Le 23 octobre 2004 À Madame Linda SALMA Inspectrice d’Académie Inspection Académique des Landes 5 avenue Antoine Dufau BP389 40012 Mont-de-Marsan Cedex
Madame l’Inspectrice,
Permettez-moi de venir vous faire part de notre vive inquiétude en apprenant qu’une fois encore la corrida utilise des moyens détournés pour s’assurer le soutien des établissements scolaires et par voie de conséquence l’embrigadement de la jeunesse. En effet, dans le cadre de la "XXème semaine taurino-culturelle", les enfants des écoles de la communauté de communes de Saint-Sever seront invités à peindre des petits " toros " (taureaux) qui seront ensuite exposés, l’argument étant que la tauromachie au sens large fait partie de leur environnement culturel. Nous savons que l’être humain n’en est pas à un paradoxe près mais il est tout de même curieux d’admettre une pratique cruelle au simple prétexte qu’elle s’est pérennisée dans un espace donné. Faire œuvre cognitive est une chose, faire œuvre propagandiste en est une autre. Rappelons ici qu’à l’appel des Prix Nobel de la Paix et confiée à l’UNESCO, l’ONU a déclaré les années 2001-2010 "Décennie de la culture, de la non-violence et de la paix au profit des enfants du monde". Tous les niveaux du système éducatif français, dès l’école maternelle, sont donc invités à travailler en ce sens en mettant en place des outils et des méthodes pédagogiques adaptés. Par ailleurs, nous tenons également à rappeler ici cette déclaration de la LFDA dans les locaux de l’UNESCO à Paris le 15 octobre 1980 : " la tauromachie est l’art scélérat et vénal de torturer et de mettre à mort des animaux selon des règles, dans la légalité et en public. Elle exalte les plus bas instincts de l’homme, elle traumatise les enfants et les adultes sensibles, elle aggrave l’état des névropathes attirés par ce spectacle, elle dénature les rapports entre l’homme et l’animal, elle est une fête de la douleur et de la mort. En cela, la tauromachie constitue un défi majeur à la moralité, à l’éducation, à la science et à la culture. "

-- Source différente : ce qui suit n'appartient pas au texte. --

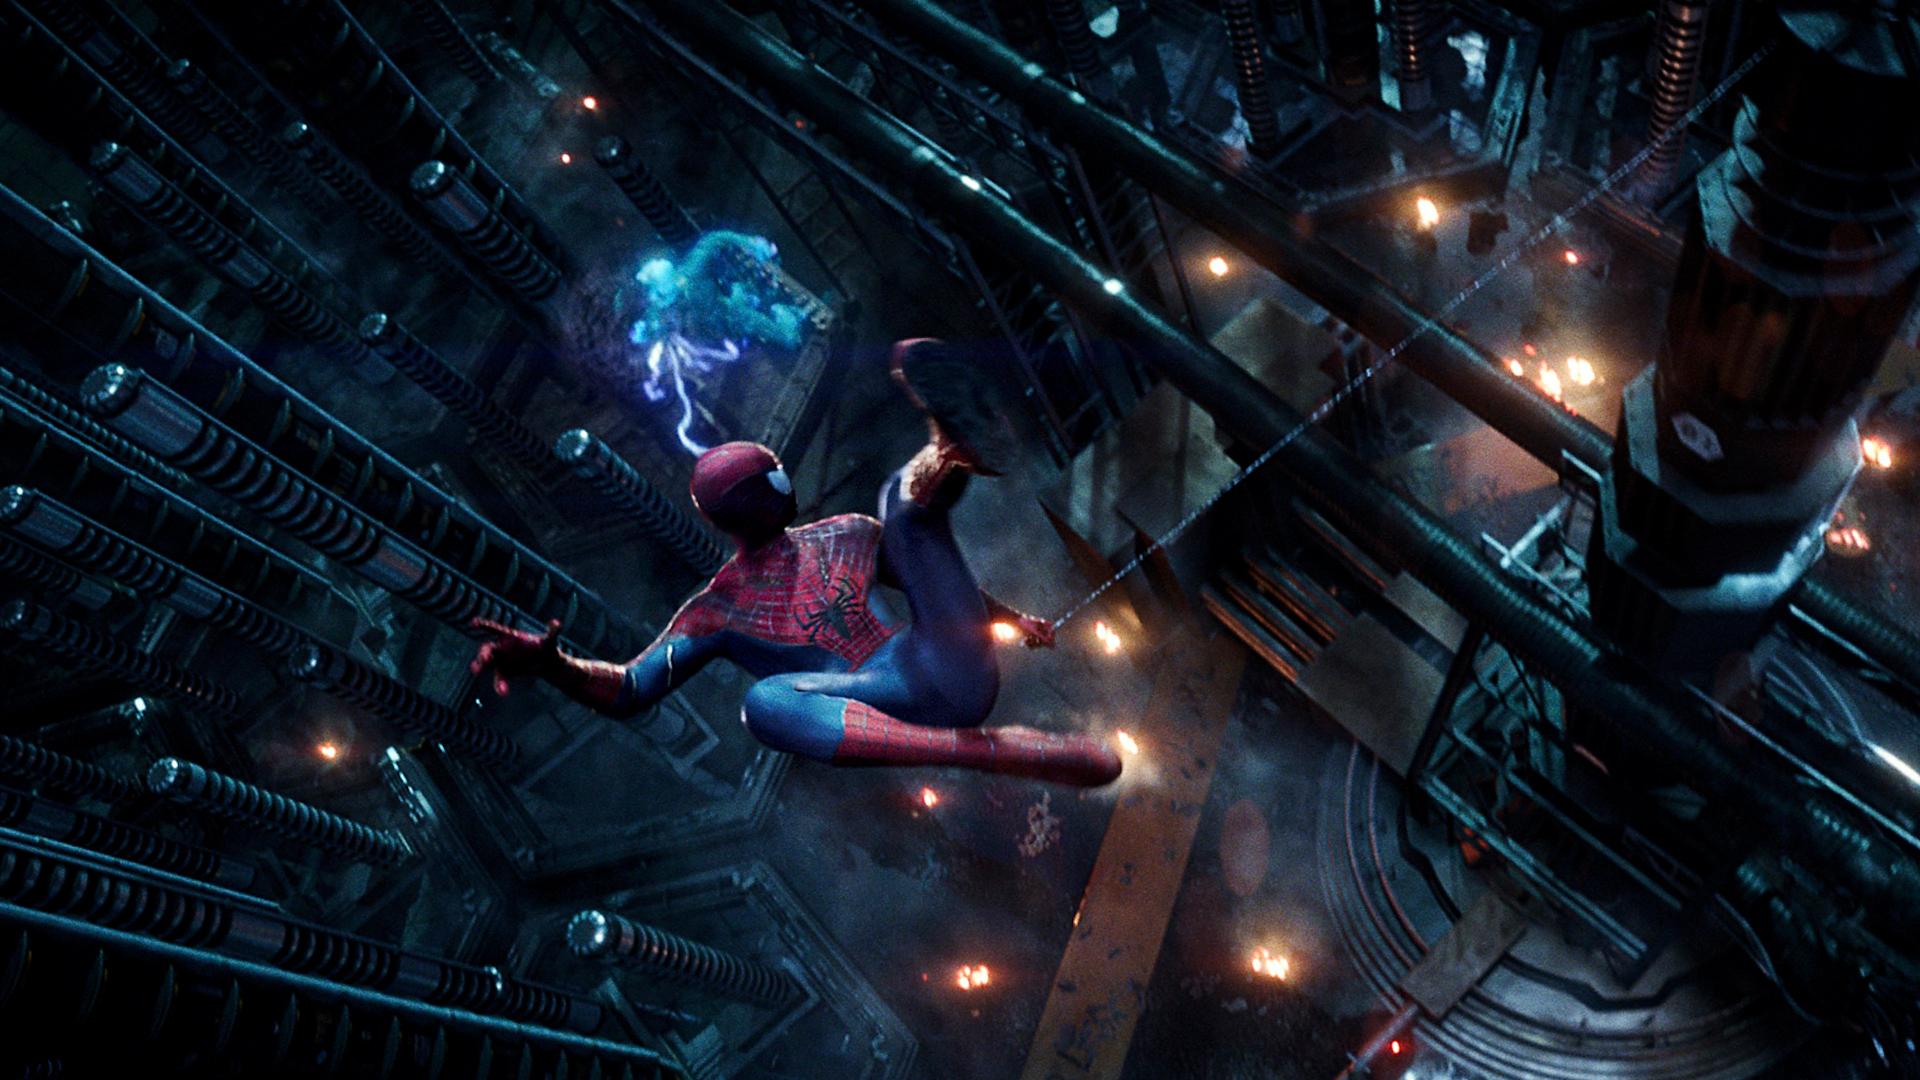 Spiderman Wallpaper Hd 1080p Electro vs spider man the 1920x1080

En conséquence, il nous paraît de la plus haute importance de prendre les mesures souhaitables afin d’éviter une banalisation de la violence. L’on entend de toutes parts s’élever des voix pour condamner cette même violence, il est donc grand temps de rapprocher les paroles des actes.
Vous souhaitant bonne réception de la présente, veuillez croire, Madame l’Inspectrice, en l’assurance de nos sentiments respectueux.